Work order: Repeat the listing word for word. Leave every picture out.

START Source material

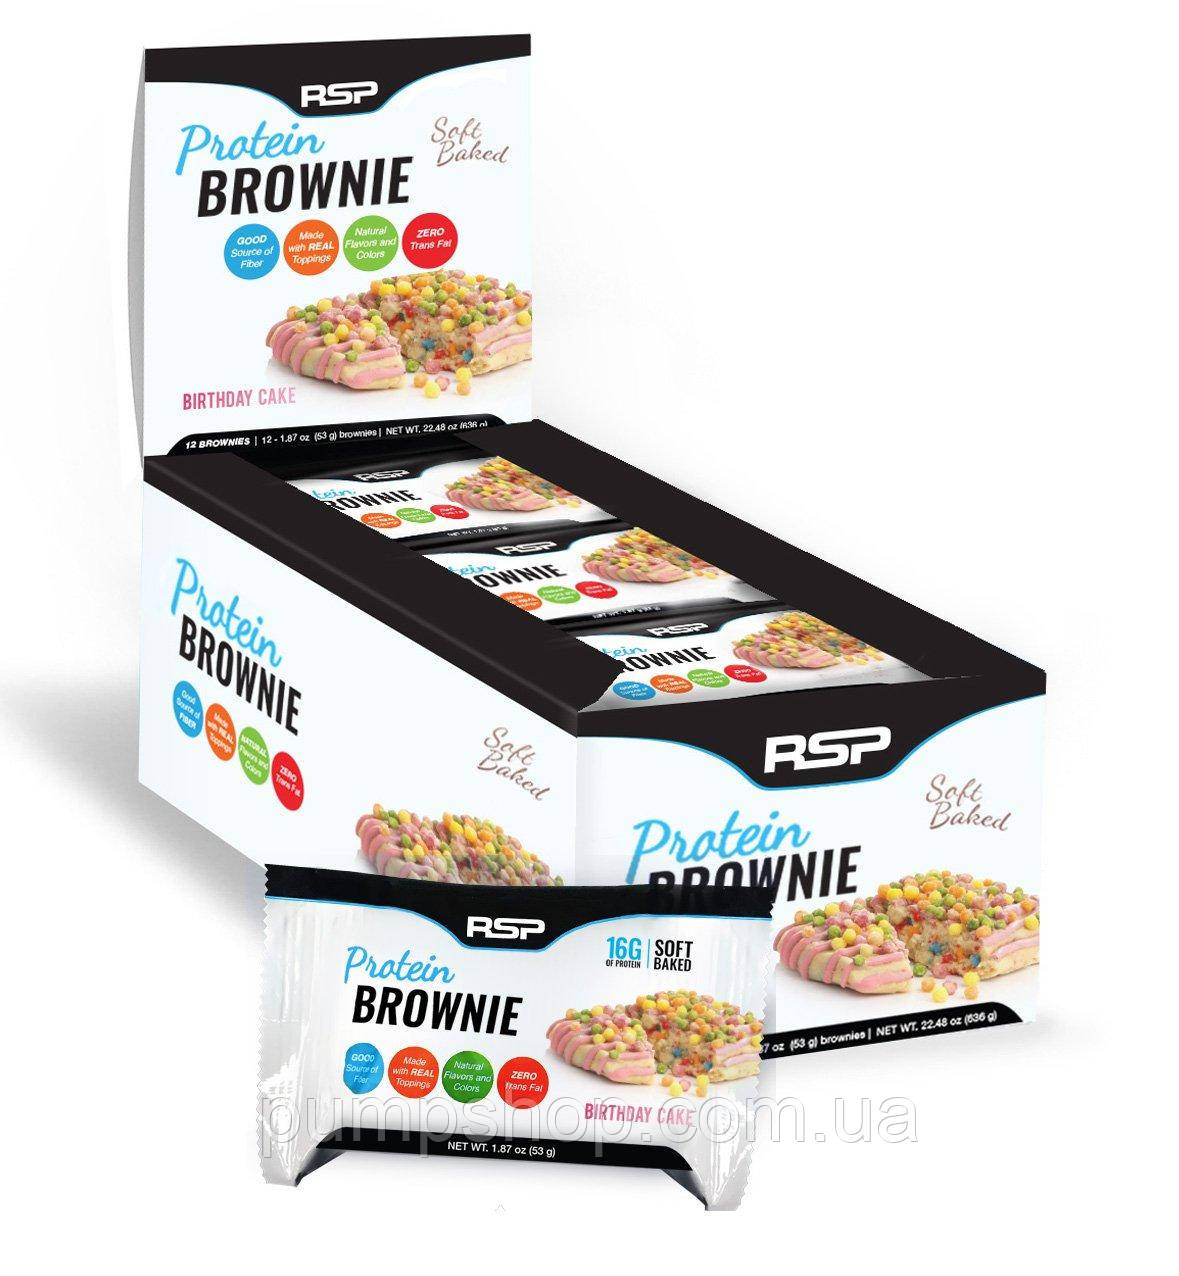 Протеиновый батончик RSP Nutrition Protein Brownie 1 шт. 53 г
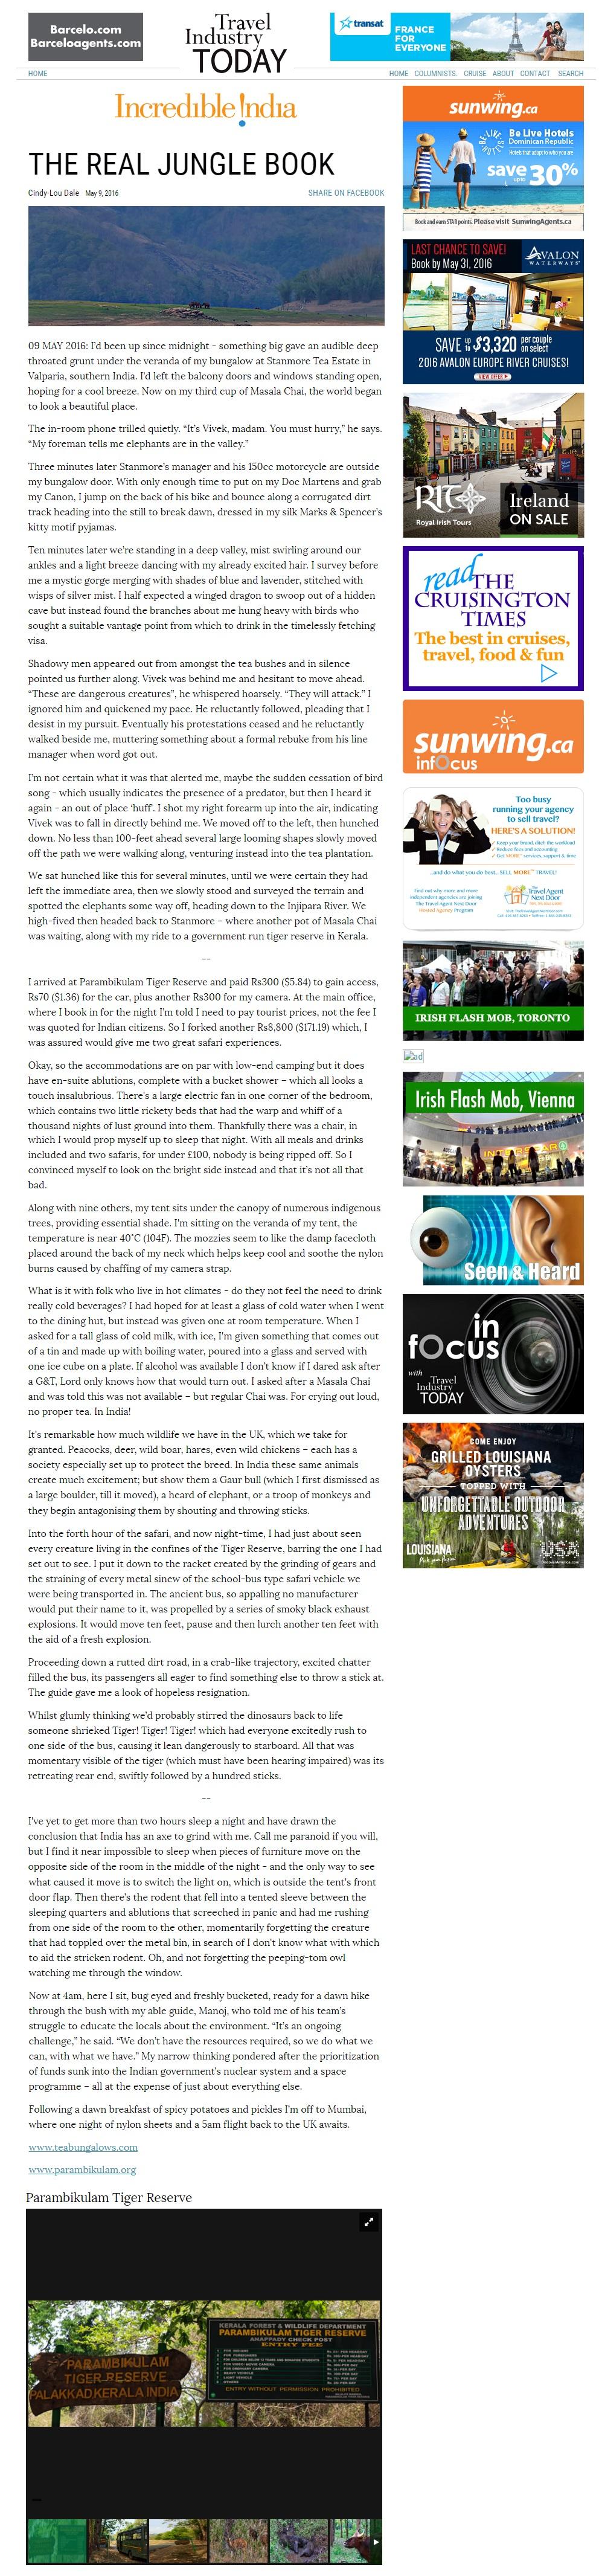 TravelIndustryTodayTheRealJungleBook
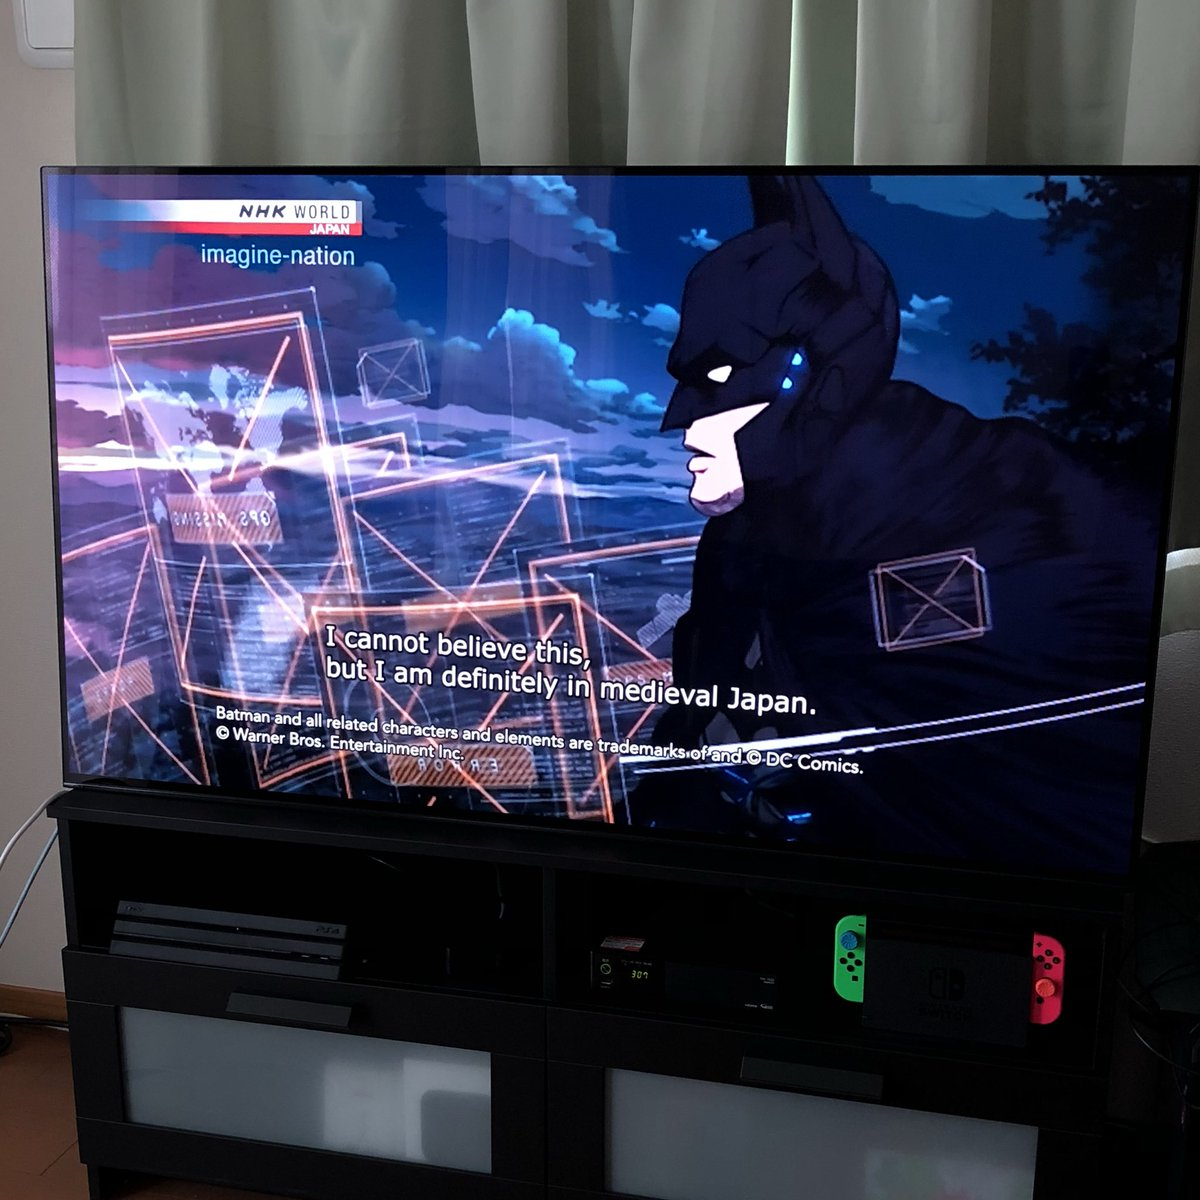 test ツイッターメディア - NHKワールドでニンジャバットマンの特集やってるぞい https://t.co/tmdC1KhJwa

END Source material

Result:
 Протеиновый батончик RSP Nutrition Protein Brownie 1 шт. 53 г
 TravelIndustryTodayTheRealJungleBook
 test ツイッターメディア - NHKワールドでニンジャバットマンの特集やってるぞい https://t.co/tmdC1KhJwa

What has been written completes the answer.